9. In another recent judgment of this Court in Rattan Singh v. State of H. P., (1997) 4 SCC 161, this Court examined the applicability of Section 6 of the Evidence Act to the statement of the deceased and held thus:

“…………………The aforesaid statement of Kanta Devi can be admitted under Section 6 of the Evidence Act on account of its proximity of time to the act of murder. Illustration ‘A’ to Section 6 makes it clear. It reads thus:

(a) A is accused of the murder of B by beating him. Whatever was said or done by A or B or the by-standers at the beating, or so shortly before or after it as to form part of the transaction, is a relevant fact.

(Emphasis supplied)

Here the act of the assailant intruding into the courtyard during dead of the night, victim’s identification of the assailant, her pronouncement that appellant was standing with a gun and his firing the gun at her, are all circumstances so intertwined with each other by proximity of time and space that the statement of the deceased became part of the same transaction. Hence it is admissible under Section 6 of the Evidence Act.”

10. Applying the ratio of the aforesaid two cases to the evidence of PW 2, we have no hesitation to come to the conclusion that his statement indicating that the injured told him that his nephew has fired at him, would become admissible under Section 6 of the Evidence Act. We are, therefore, unable to accept the first submission of Ms. Goswami, learned counsel appearing for the appellant.
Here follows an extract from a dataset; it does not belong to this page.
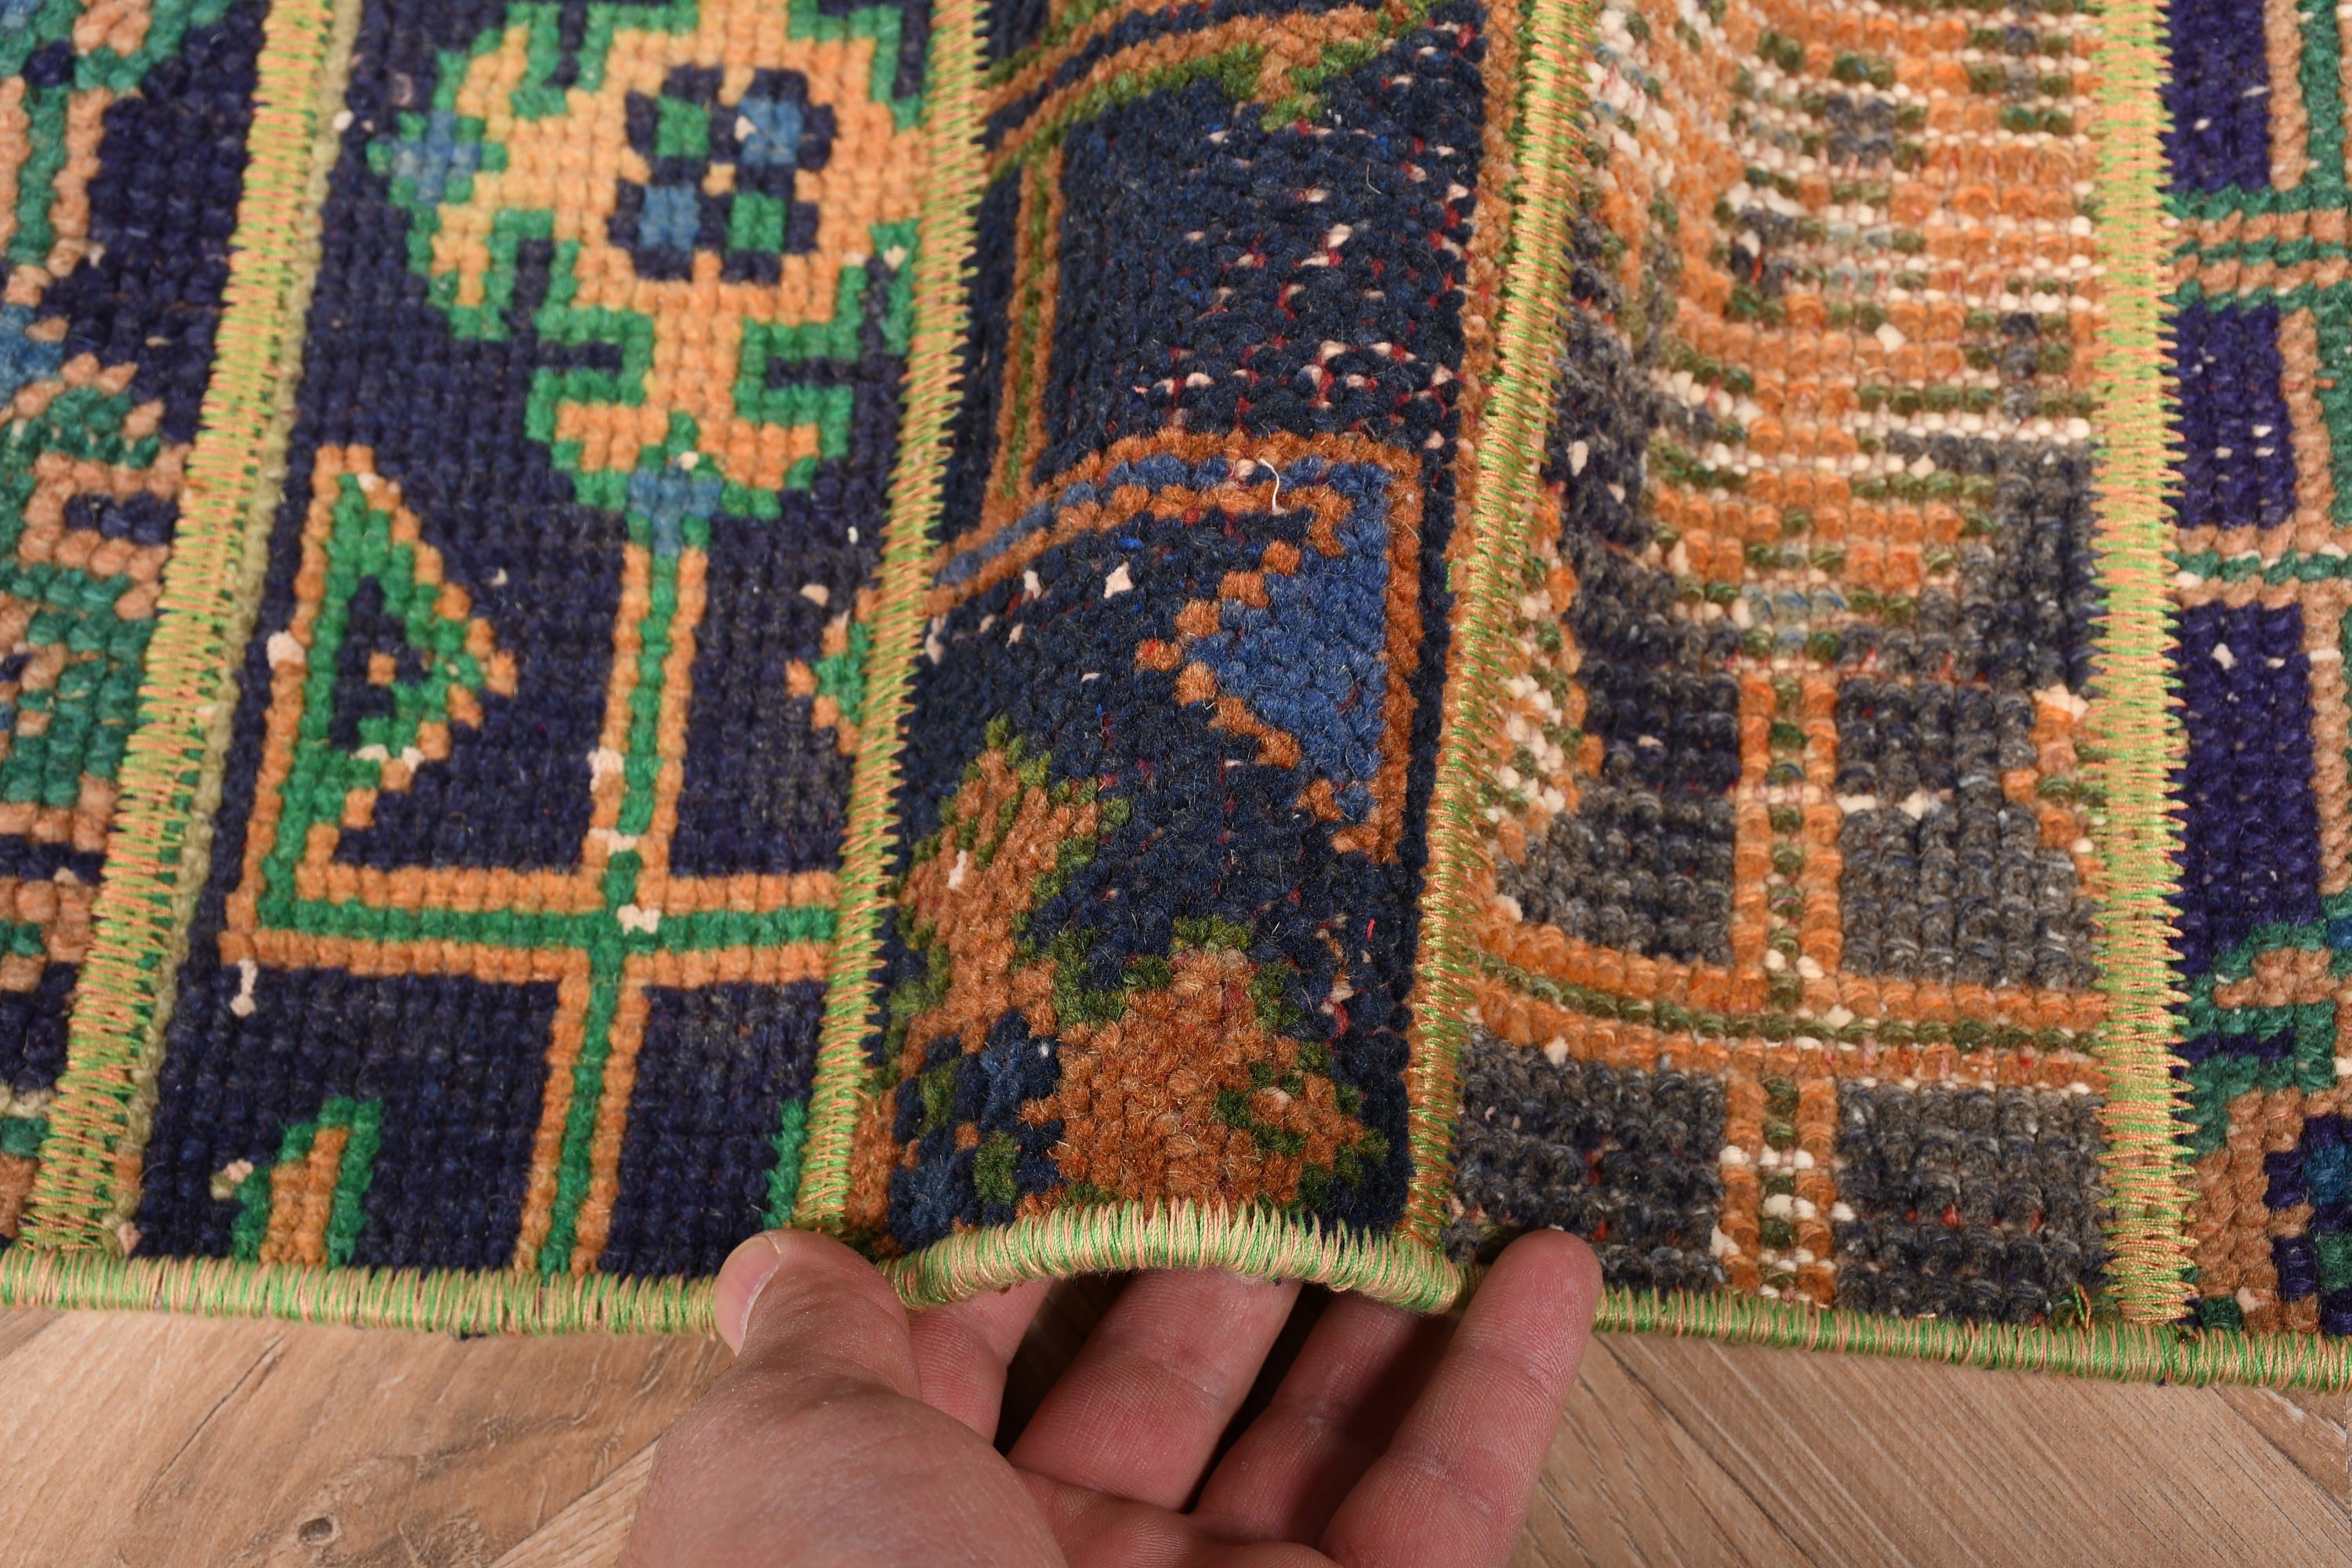 Anatolian Rug, Rugs for Bathroom, Nursery Rugs, Vintage Rug, Wool Rugs, Blue Moroccan Rug, 3x4.9 ft Small Rug, Door Mat Rug, Turkish Rug

11. The next question that arises for consideration is whether even if the statement becomes admissible, can the statement be held to be so reliable that a conviction under Section 307 can be based thereupon. PW 2 in the cross-examination candidly admitted that Sukhar, the present appellant and he are inimical to each other since long before. It was also elicited in the cross-examination of the said witness that by the time he reached the scene of occurrence, more than 20 persons had gathered next to Nakkal and yet none of them has been examined by the prosecution to corroborate PW 2 as to what was told to him by the injured. The witness also stated in the cross-examination that Nakkal was naming the accused as his assailant in front of all those people who had gathered but it is not understood as to why the prosecution has chosen not to examine any one of them but to examine only PW 2 who was admittedly inimically disposed of towards the accused/appellant. In this view of the matter, the evidence of PW 2 cannot be held to be of such an unimpeachable character on whose testimony alone, the conviction can be based without any corroboration. On the other hand, the witness being inimical to the accused and on account of what has been elicited in his cross-examination, his evidence requires corroboration before being accepted. Admittedly there is not an iota of corroboration either from any oral evidence or from any other circumstance. In this view of the matter, we have no hesitation to come to the conclusion that the conviction of the appellant on the unreliable and shaky evidence of PW 2 without any corroboration, cannot be sustained. We accordingly set aside the conviction and sentence of appellant and acquit him of the charges levelled against him. The accused who is in jail should be released forthwith. The appeal is allowed accordingly.